Publicado en La Gaceta de Salamanca

El asesinato del periodista  saudí Jamal Khashogui en el consulado de Arabia Saudí en Estambul (Turquía) reaviva el concepto de crueldad de ese período oscurantista de la historia que fue la Edad Media. Si hacemos caso a Al Jazira y a ese portal especializado en Oriente Medio llamado Middle East Eye  que, a su vez citaron fuentes de seguridad turcas, nos colocamos en un escenario de máximo horror: el descuartizamiento del escritor desaparecido el pasado 2 de octubre cuando aún estaba con vida. Por si este “detalle” no fuera lo suficientemente impactante, cabría añadir que esa barbarie tuvo lugar en el mismo despacho del cónsul por el médico forense saudí Salah al Tubaigy que viajó con el escuadrón de  15 saudíes que volaron a Turquía el mismo día de la desaparición de Khashoggi. Incluso hay medios árabes que señalan que existe un audio en el que se recogen los últimos minutos de vida del asesinado quien, después de ser insultado y torturado pudo haber sido descuartizado mientras el aún estaba vivo.

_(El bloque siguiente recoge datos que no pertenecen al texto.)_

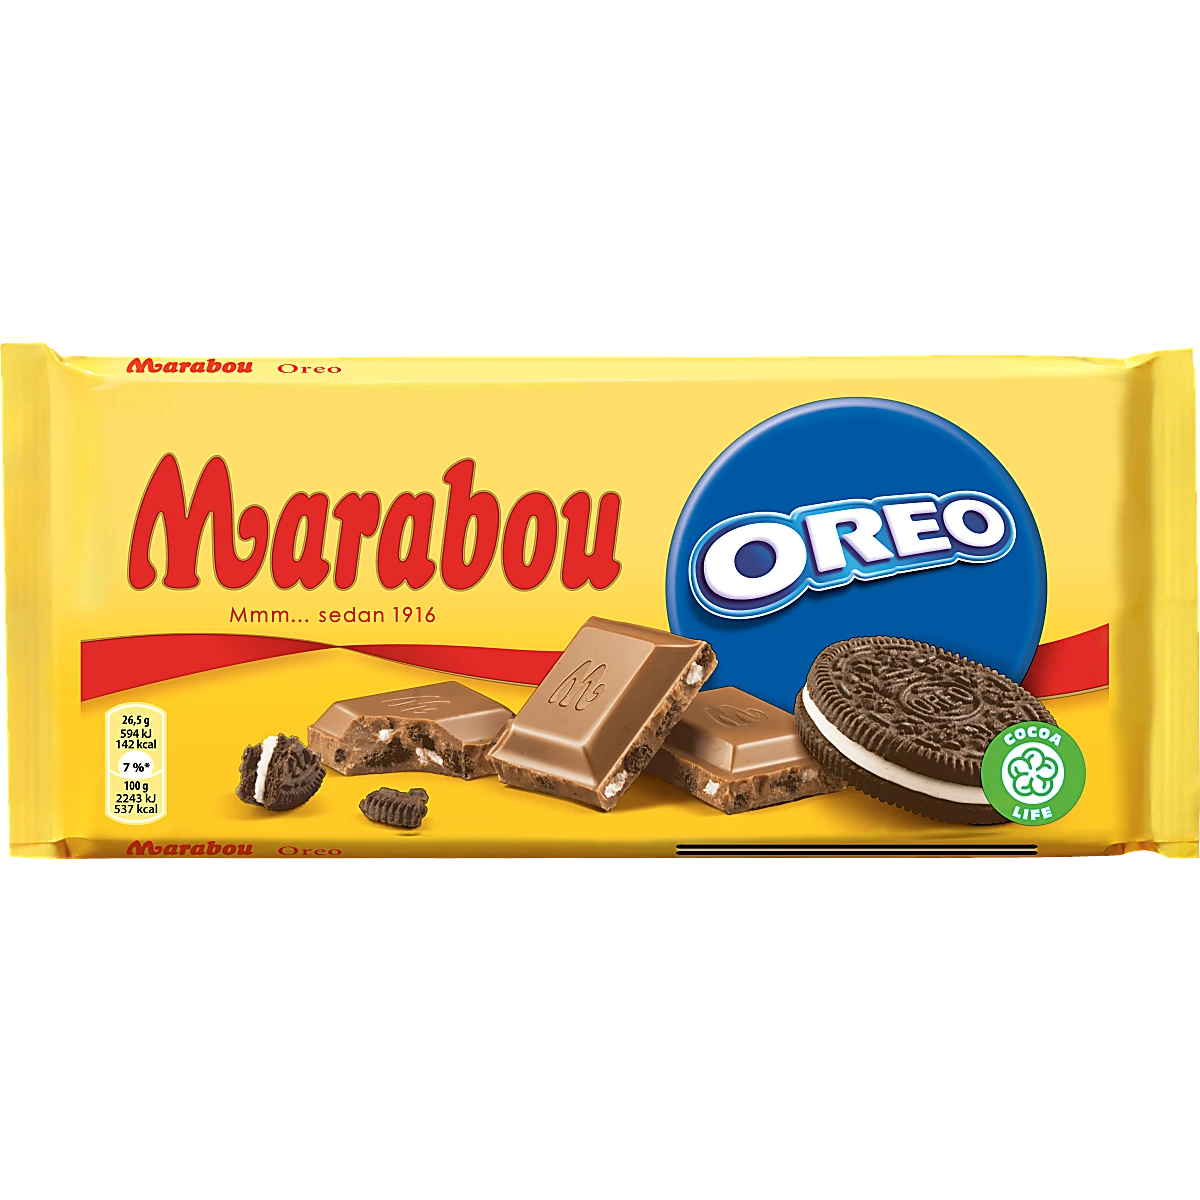 Marabou Milk Chocolate with Oreo Crumbs.

Según la fuente del Middle East Eye,  el ejecutor de esta tarea, Salah al Tubaigy recomendó a sus compañeros que hicieran lo mismo que él cuando hacía ese “trabajo”: escuchar música. Además de toda esta información, que  paraliza al más valiente, lo cierto es que ahora existe un conflicto internacional,  por más que los saudíes negarán enérgicamente primero su participación en la desaparición de Khashoggi y ahora hayan concluido que su muerte fue “un tremendo error” y que no saben dónde están sus restos. En un intento desesperado de reconducir la difícil situación, el ministro de Asuntos Exteriores del reino, Al Jubeir ha afirmado en la televisión estadounidense Fox que están decidido a castigar a los responsables del asesinato  y ha asegurado que los implicados intentaron encubrir la muerte al Gobierno. Al Jubeir, experimentado diplomático,  sabía que era imprescindible reconocer el delito y  hacer acto de contrición para intentar que la relación Riad-Washington resistiera a la tormenta provocada por el escándalo,  al igual que era necesario que el rey Salmán de Arabia Saudí  y el príncipe heredero Mohamed bin Salman expresaran sus condolencias al hijo del periodista fallecido. Pero más allá de que las aguas puedan volver o no a su cauce, el mundo entero se ha quedado estupefacto al comprobar cuáles pueden ser ciertas prácticas habituales de las que en esta ocasión se ha enterado y en otras ocasiones –probablemente la mayoría- no tiene la menor consciencia.